In mathematics, a telescoping series is a series whose general term ${\displaystyle t_{n))$ is of the form ${\displaystyle t_{n}=a_{n+1}-a_{n))$, i.e. the difference of two consecutive terms of a sequence ${\displaystyle (a_{n})}$.^[1]

As a consequence the partial sums only consists of two terms of ${\displaystyle (a_{n})}$ after cancellation.^[2][3] The cancellation technique, with part of each term cancelling with part of the next term, is known as the method of differences.

For example, the series

${\displaystyle \sum _{n=1}^{\infty }{\frac {1}{n(n+1)))}$

(the series of reciprocals of pronic numbers) simplifies as

${\displaystyle {\begin{aligned}\sum _{n=1}^{\infty }{\frac {1}{n(n+1)))&{}=\sum _{n=1}^{\infty }\left({\frac {1}{n))-{\frac {1}{n+1))\right)\\{}&{}=\lim _{N\to \infty }\sum _{n=1}^{N}\left({\frac {1}{n))-{\frac {1}{n+1))\right)\\{}&{}=\lim _{N\to \infty }\left\lbrack {\left(1-{\frac {1}{2))\right)+\left({\frac {1}{2))-{\frac {1}{3))\right)+\cdots +\left({\frac {1}{N))-{\frac {1}{N+1))\right)}\right\rbrack \\{}&{}=\lim _{N\to \infty }\left\lbrack {1+\left(-{\frac {1}{2))+{\frac {1}{2))\right)+\left(-{\frac {1}{3))+{\frac {1}{3))\right)+\cdots +\left(-{\frac {1}{N))+{\frac {1}{N))\right)-{\frac {1}{N+1))}\right\rbrack \\{}&{}=\lim _{N\to \infty }\left\lbrack {1-{\frac {1}{N+1))}\right\rbrack =1.\end{aligned))}$

An early statement of the formula for the sum or partial sums of a telescoping series can be found in a 1644 work by Evangelista Torricelli, De dimensione parabolae.^[4]

In general

Telescoping sums are finite sums in which pairs of consecutive terms cancel each other, leaving only the initial and final terms.^[5]

Let ${\displaystyle a_{n))$ be a sequence of numbers.

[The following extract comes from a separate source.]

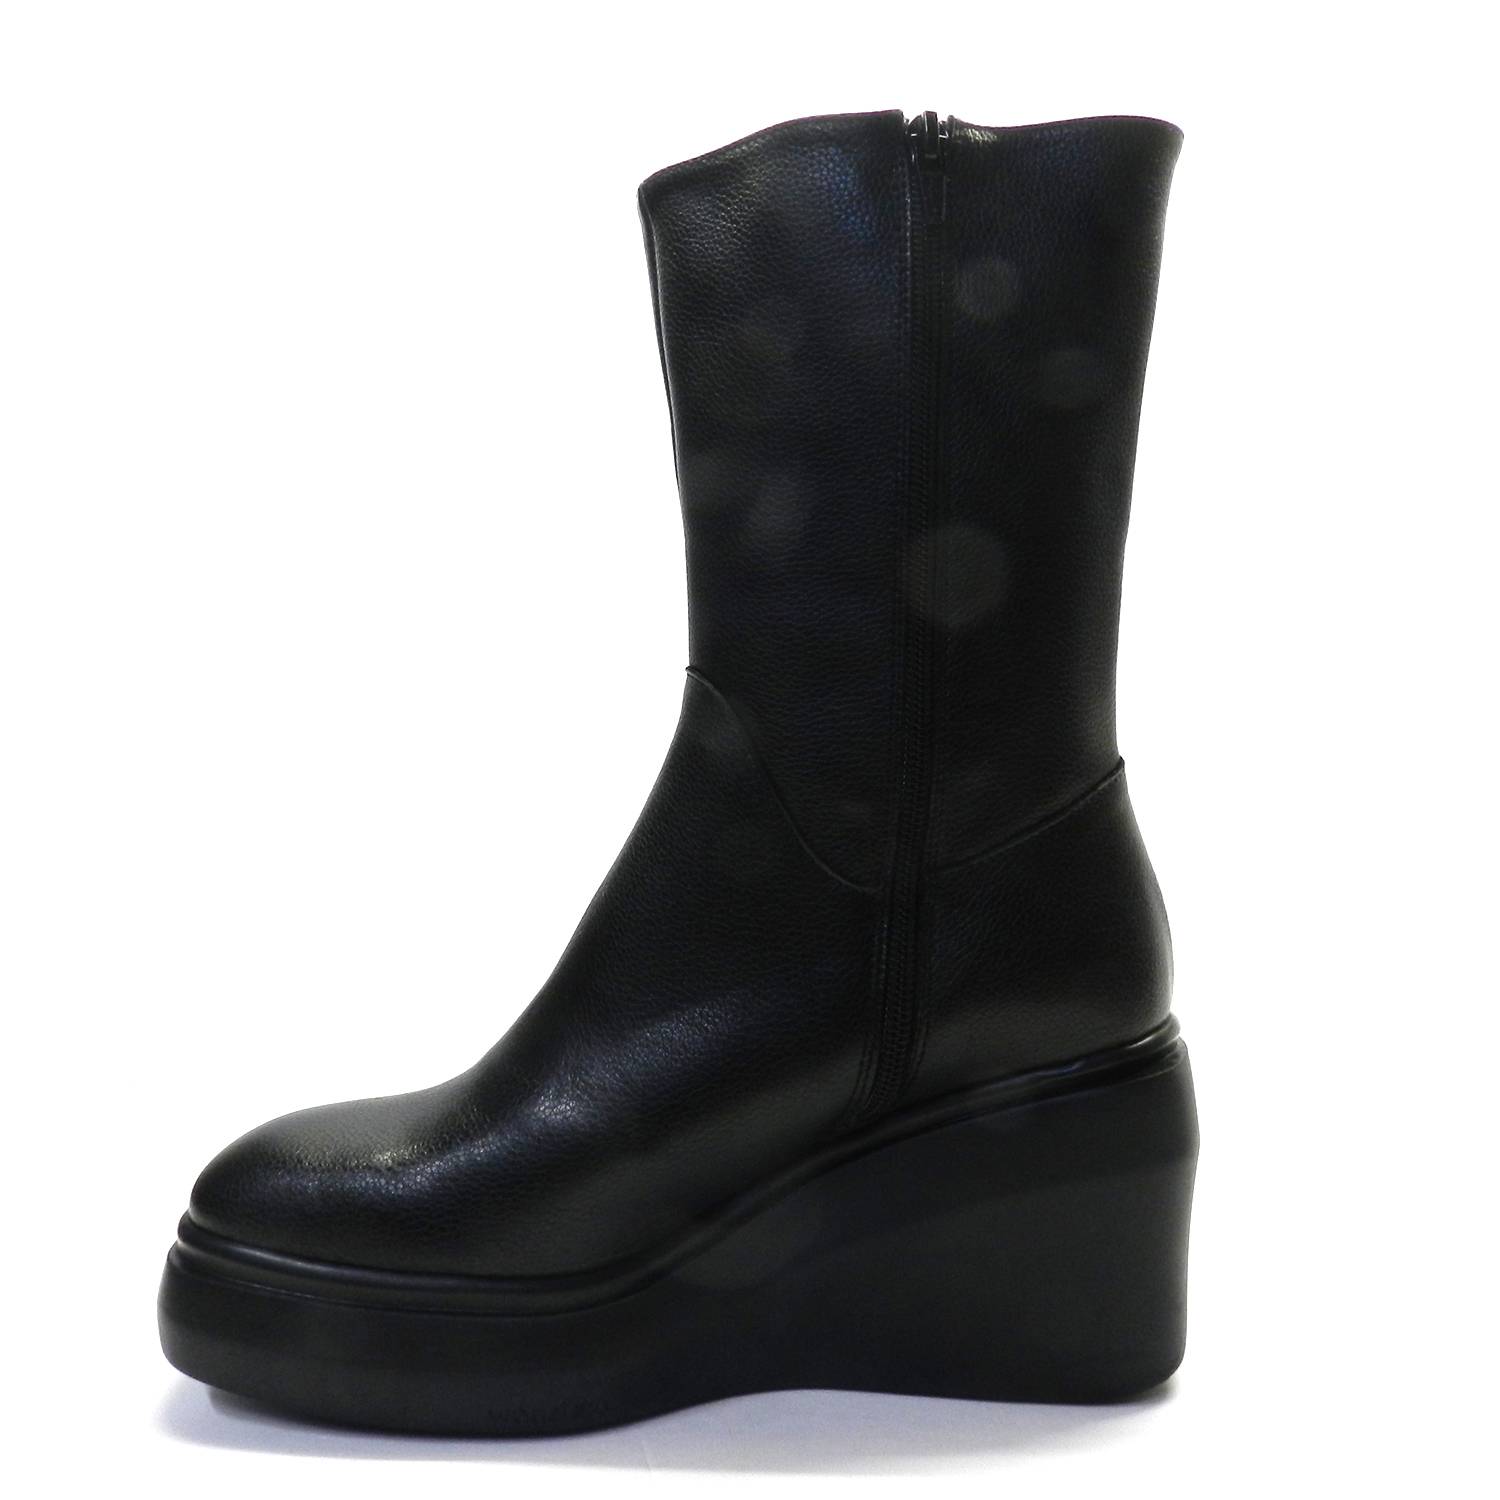 Bota de la marca Wonders modelo H5305 en color negro. Bota de caña baja en piel lisa, suela de goma con cuña.

Then,

${\displaystyle \sum _{n=1}^{N}\left(a_{n}-a_{n-1}\right)=a_{N}-a_{0))$

If ${\displaystyle a_{n}\rightarrow 0}$

${\displaystyle \sum _{n=1}^{\infty }\left(a_{n}-a_{n-1}\right)=-a_{0))$

Telescoping products are finite products in which consecutive terms cancel denominator with numerator, leaving only the initial and final terms.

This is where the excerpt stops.